Justice Mortimer left no doubts about her views, asserting that, ‘A matter of public interest in connection with the Narrabri gas project was the fact (for it was not disputable) that the project would generate substantial GHG emissions, in an undisputed factual context of the connection between GHG emissions and global warming, with the increased harm to people and the environment that comes from global warming…the Tribunal’s erroneous understanding of its task… led it to dismiss Professor William Steffen’s expert opinion in the case as that of just one scientist. Professor Steffen was expressing opinions that were on their face entirely consistent with the panel of expert authorities of the (IPCC), representing a collection of the world’s leading climate scientists.’

Dowsett also expressed his contrary views with vigour, saying that in this case he had been asked to ‘make a fresh and independent decision’. This, he says, was ‘in effect asking that I review evidence underpinning the decision of the Independent Planning Commission, and then adopt the evidence of Professor Steffen. It is difficult to see any justification for the contention that I should simply disregard processes to which the Narrabri Gas Project has been subject, at both state and federal levels, particularly having regard to Parliament’s view as set out in the explanatory memorandum concerning the 1998 Act. It would be a big step to set aside the outcome of such statutory processes in order to adopt the views of an individual scientist, or even the views of international agencies having no particular standing in Australia or in New South Wales. Steffen’s “the science is absolutely clear”, impliedly suggesting that the Commission had chosen to ignore the “absolutely clear” science. The conclusions reached by a statutory body such as the Independent Planning Commission cannot be simply dismissed upon the basis of an assertion by one scientist and sources upon which he or she has chosen to rely. It is unlikely that this Tribunal could perform that function, or was ever intended to do so.’

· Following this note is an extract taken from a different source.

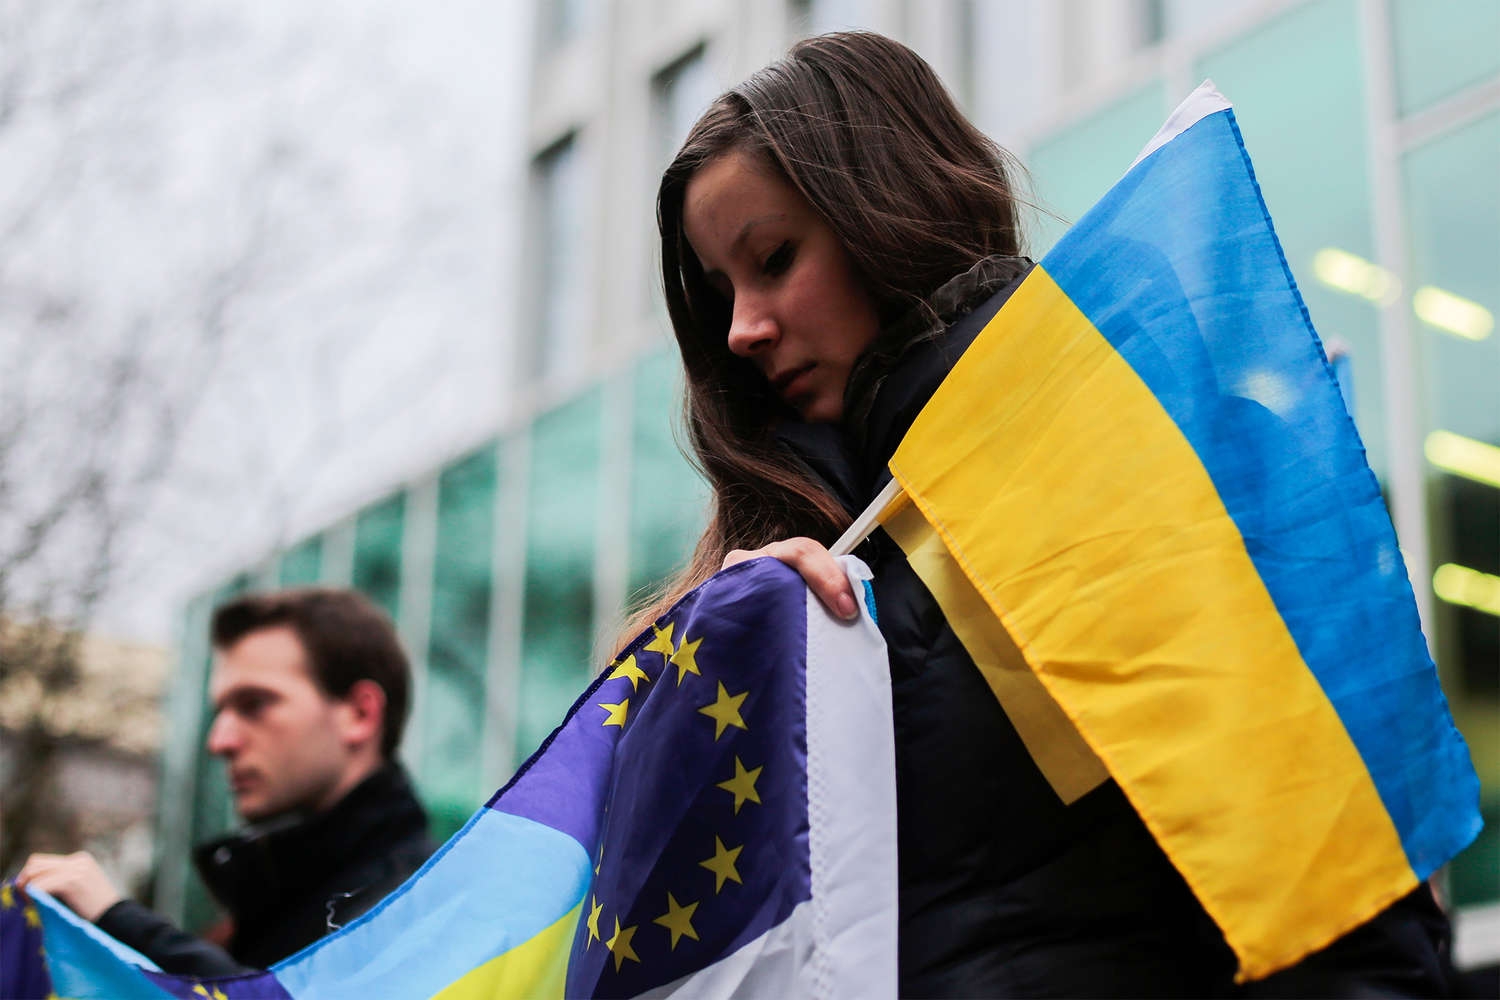 ЕП потребовал от стран ЕС выполнить данные Украине обещания

Dowsett added there was no identified ‘particular environmental concern’ having ‘particular effect’ on native title, within  concern about worldwide climate change, predicted to affect a large part of eastern Australia. ‘These are world-wide concerns, to be resolved by governments.’

Dowsett’s real ‘problem’ seems to have been his underlying view that democratic parliaments, not courts of law, are the appropriate locations for resolving environmental issues. ‘It is for our political leaders to decide how best to approach efforts to reduce greenhouse gas emissions as part of a broader fossil fuel phaseout needed to combat climate change’.

What governments, state and federal,  determine is clearly no match for judges with a mission to save the planet.